Natan Sharansky, the former Soviet dissident, political prisoner, and now Israeli cabinet minister has an excellent history of the concept of anti-Semitism from ancient to modern times. It’s a well-researched history of the subject, and gives a very telling view of the way in which anti-Semitism has been an all-too-common bias worldwide. From the persecutions of Jews in fascist Europe in the 1930’s to Mikis Theodorakis’ virulent and disgusting anti-Semitic statements today, anti-Semitism has not disappeared with the destruction of the Third Reich. Indeed, as Sharansky notes:

Despite the differences between them, however, anti-Americanism in the Islamic world and anti-Americanism in Europe are in fact linked, and both bear an uncanny resemblance to anti-Semitism. It is, after all, with some reason that the United States is loathed and feared by the despots and fundamentalists of the Islamic world as well as by many Europeans. Like Israel, but in a much more powerful way, America embodies a different—a non-conforming—idea of the good, and refuses to aban don its moral clarity about the objective worth of that idea or of the free habits and institutions to which it has given birth. To the contrary, in undertaking their war against the evil of terrorism, the American people have demonstrated their determination not only to fight to preserve the blessings of liberty for themselves and their posterity, but to carry them to regions of the world that have proved most resistant to their benign influence.

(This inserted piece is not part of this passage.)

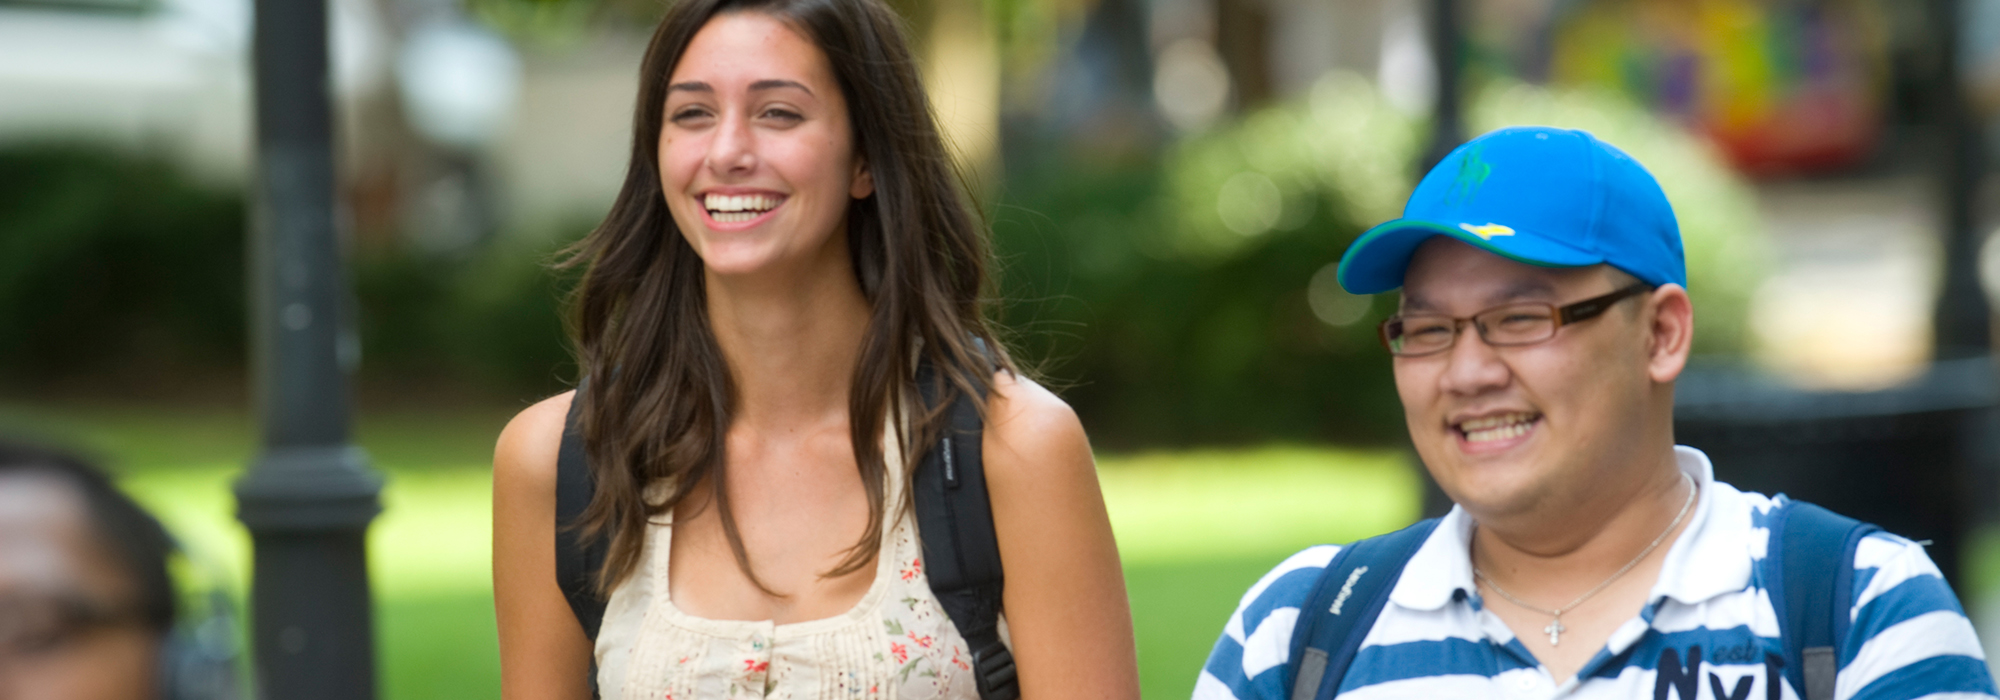 Two smiling students walking to class

Anti-Semitism has found a new home in Europe, not just with the radical right of Jean-Marie Le Pen, but in the equally radical left in Jose Bove and others. Unfortunately for the world, the attitude that it’s all the fault of those damned Jews is all too common in Europe from Greta Duisenberg on down. Sharansky’s history of anti-Semitism does an excellent job of elucidating the roots of this ancient and despicable prejudice, a knowledge that can help combat it today.

One thought on “The Oldest Prejudice

  1. Uh, Jay?

    “Anti-Semitism has found a new home in Europe?”

    I don’t quite know how to put this, but that “home in Europe” is definitely NOT new. It’s historical, from the Inquisition to the pogroms to the Holocaust.